Task directions
In your copy, leave out the pictures and reproduce the listing below exactly.

Information shown
>>

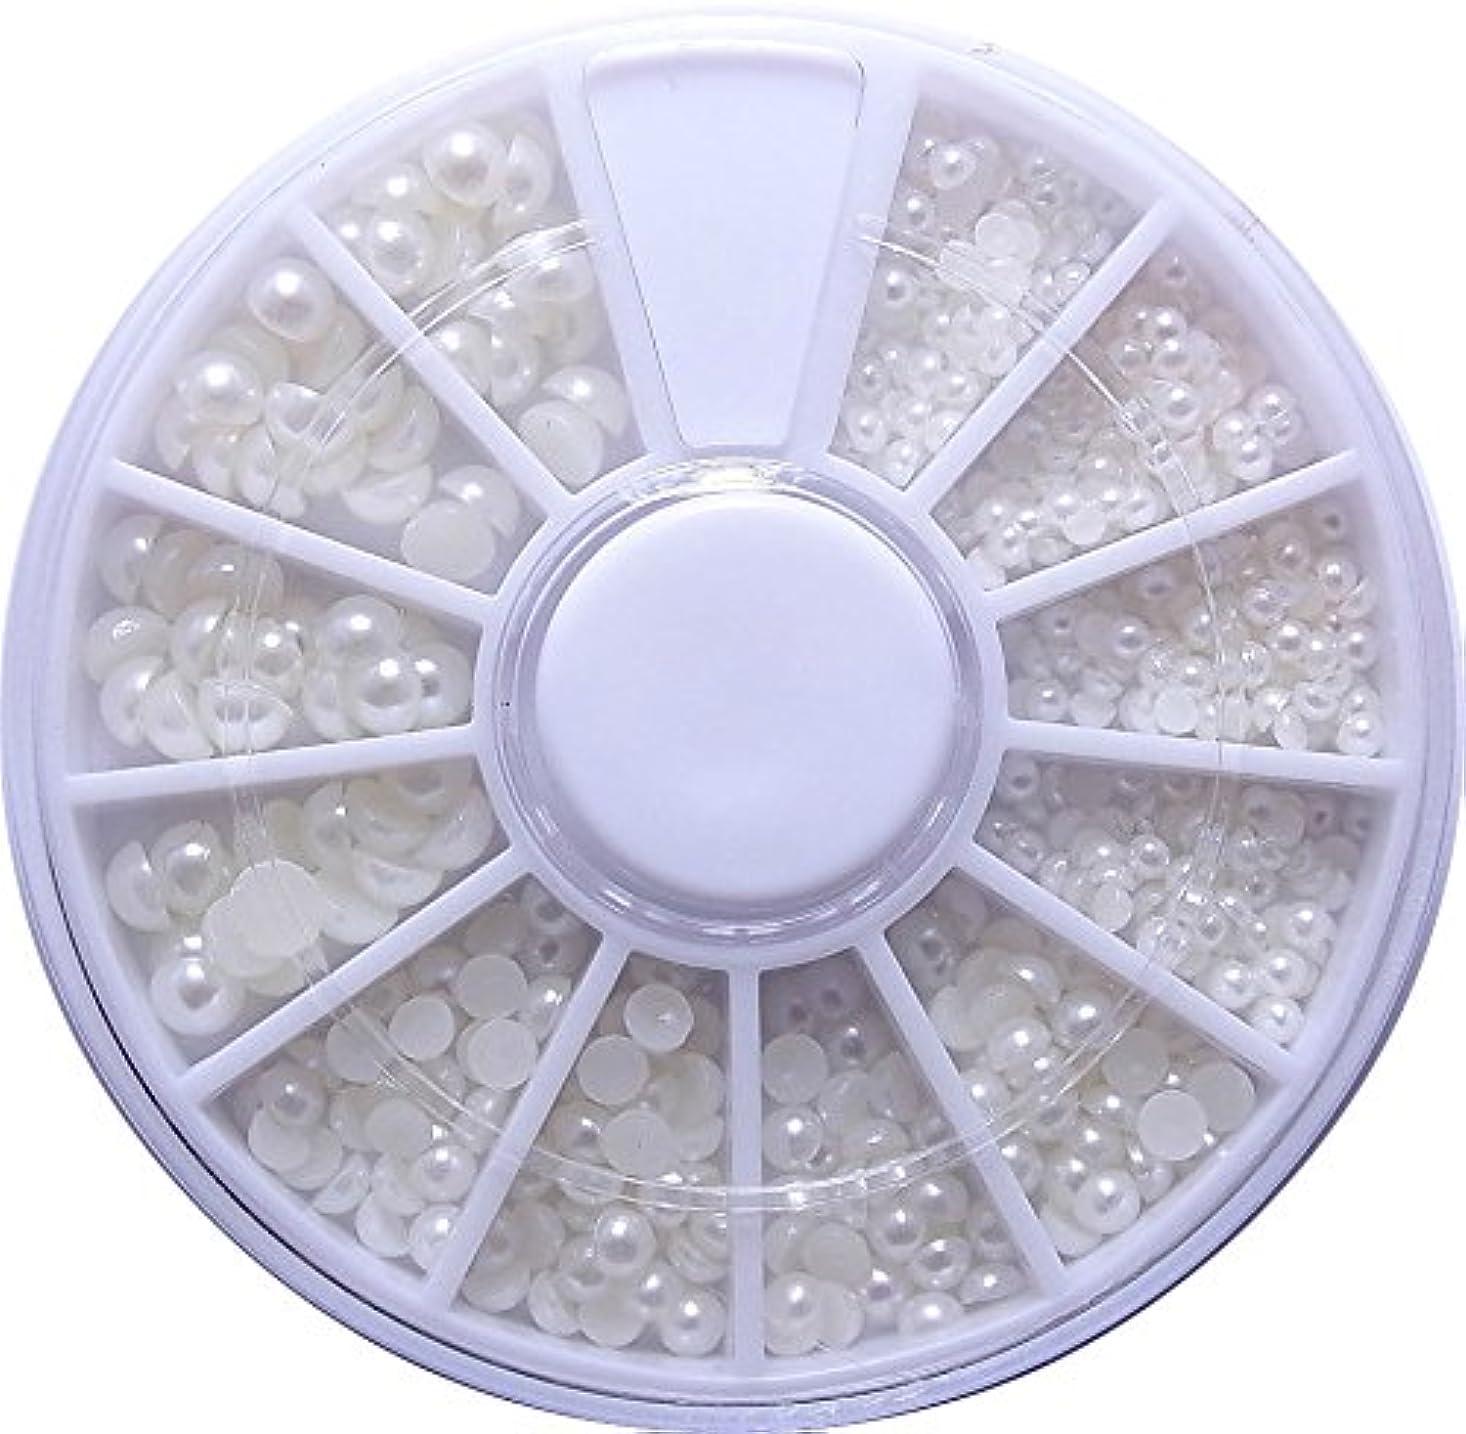 真似るグリーンバック爆発物【jewel】半円ホワイトパール 3サイズ MIX ケース入り 2mm 3mm 4mm ネイル レジン
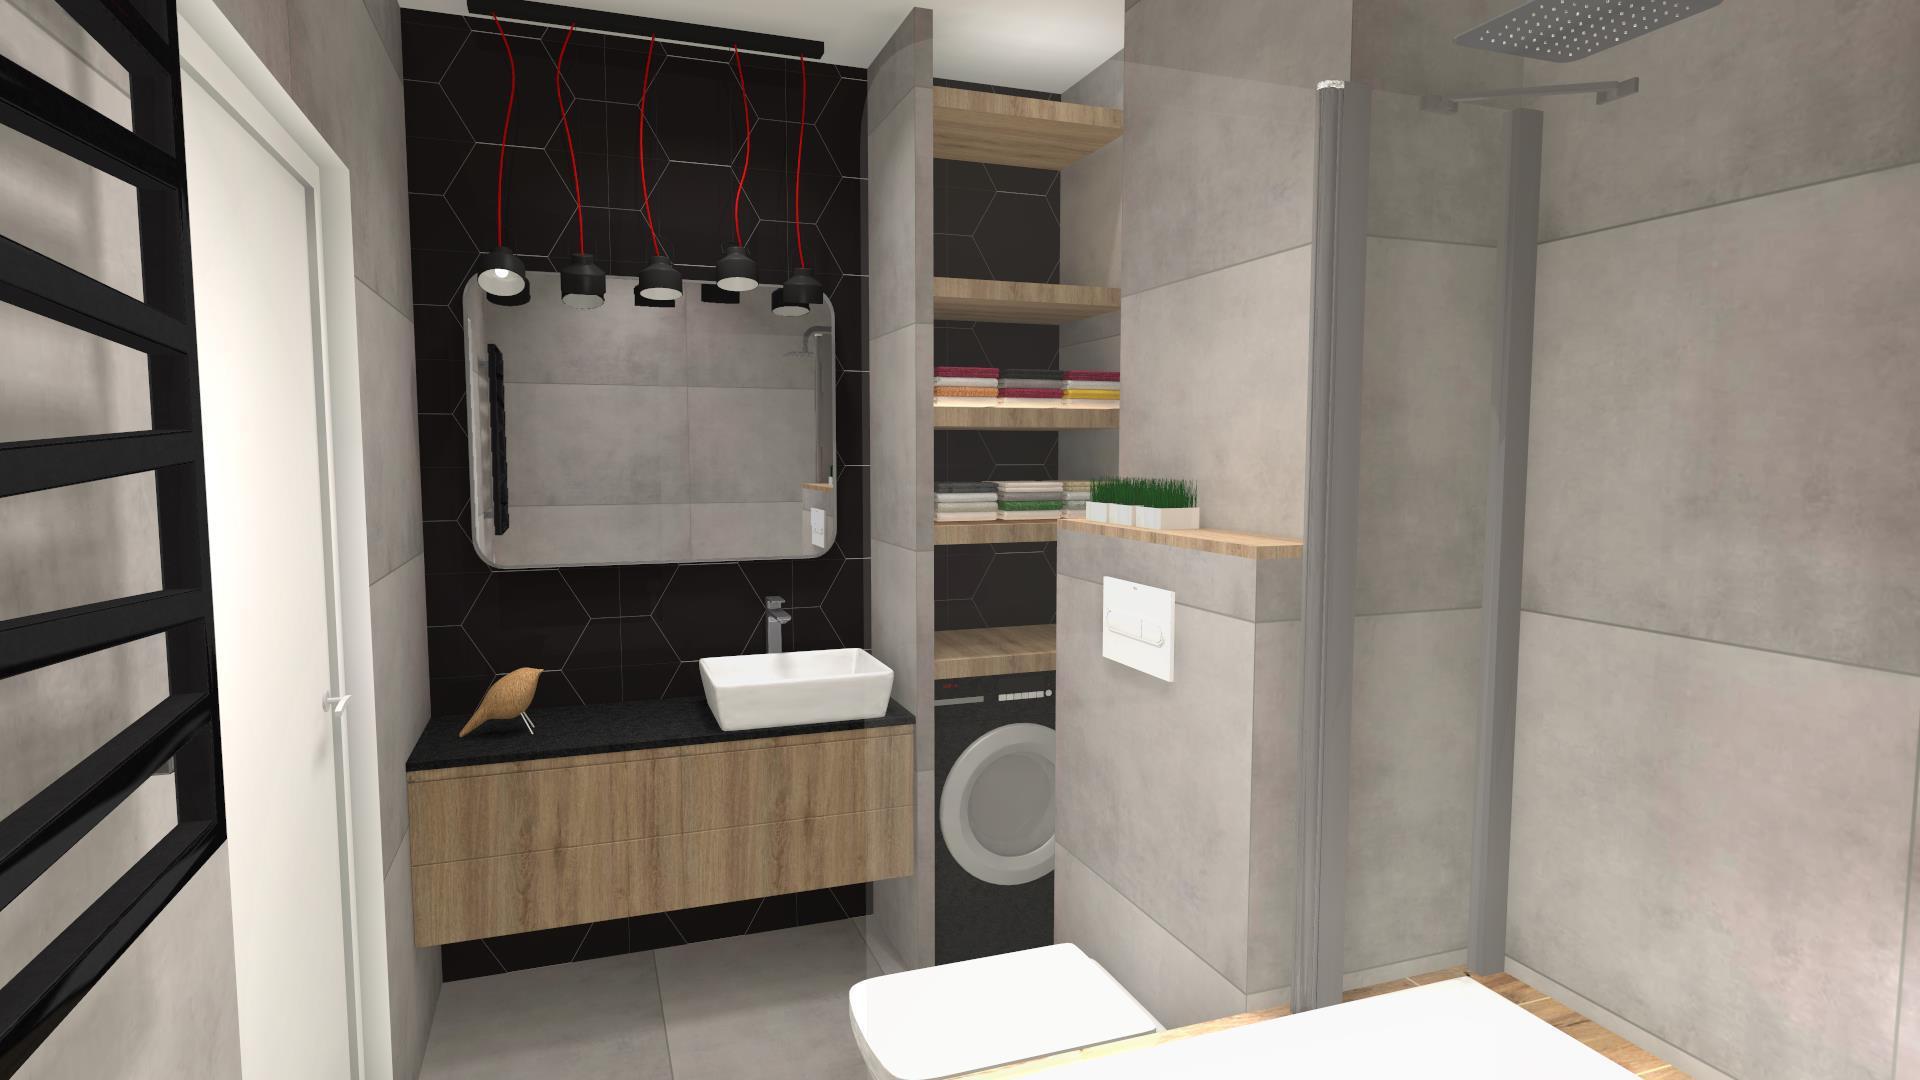 Łazienka z pralką
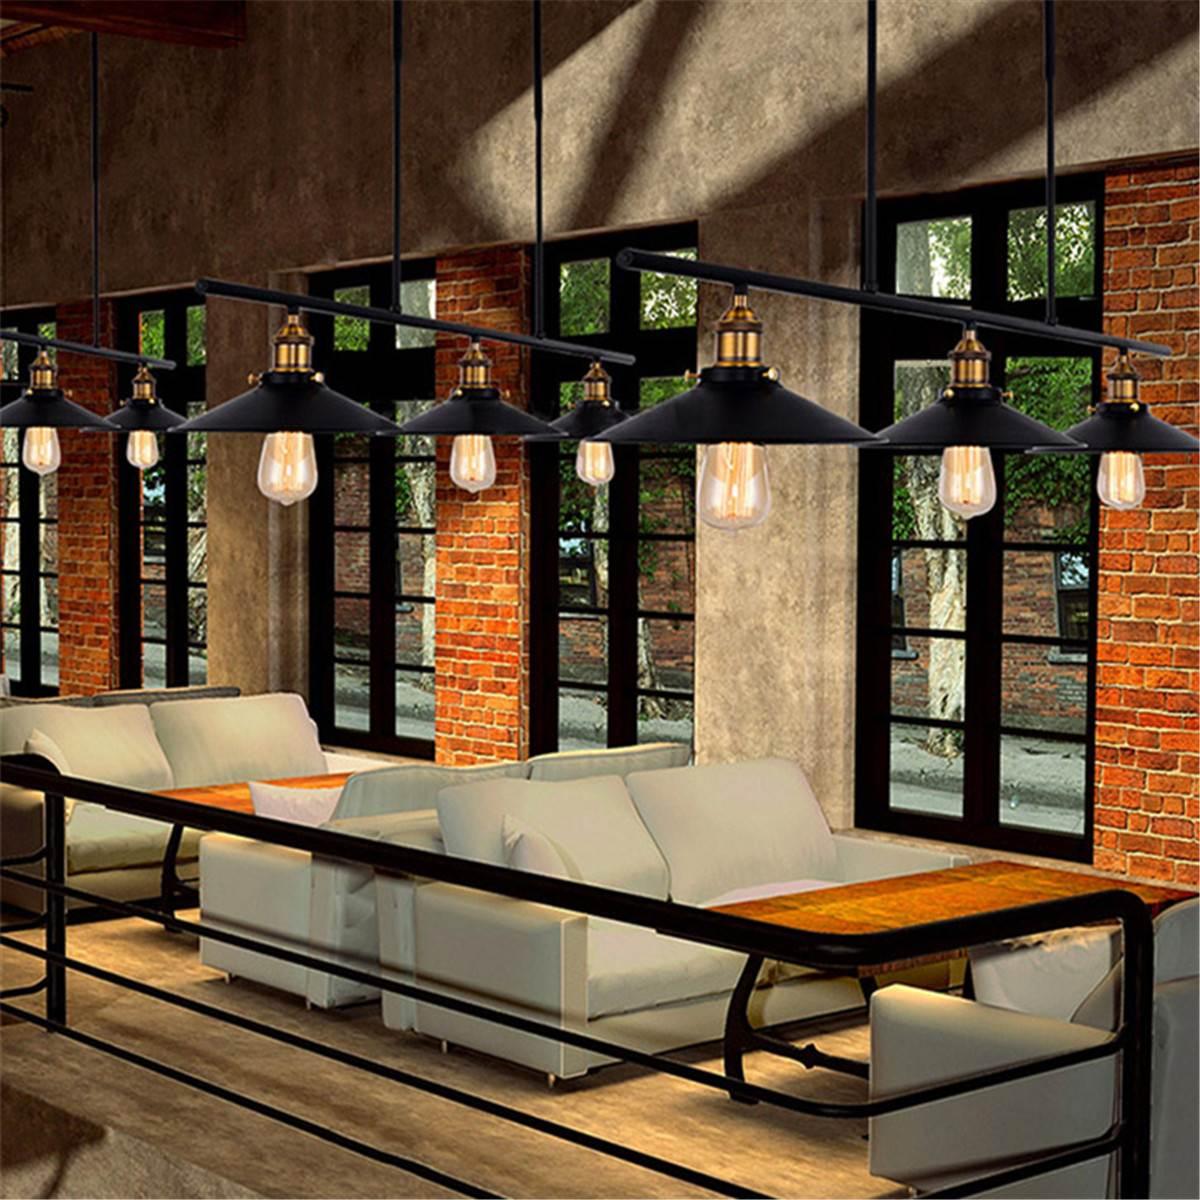 Amerikanischen Stil Vintage Loft DIY Decke Licht Schwarz Eisen Industrielle Decke Lampe 3 * E27 Birne Esszimmer Einstellbar Decor lampe

<<

Your response
 真似るグリーンバック爆発物【jewel】半円ホワイトパール 3サイズ MIX ケース入り 2mm 3mm 4mm ネイル レジン
 Łazienka z pralką
 Amerikanischen Stil Vintage Loft DIY Decke Licht Schwarz Eisen Industrielle Decke Lampe 3 * E27 Birne Esszimmer Einstellbar Decor lampe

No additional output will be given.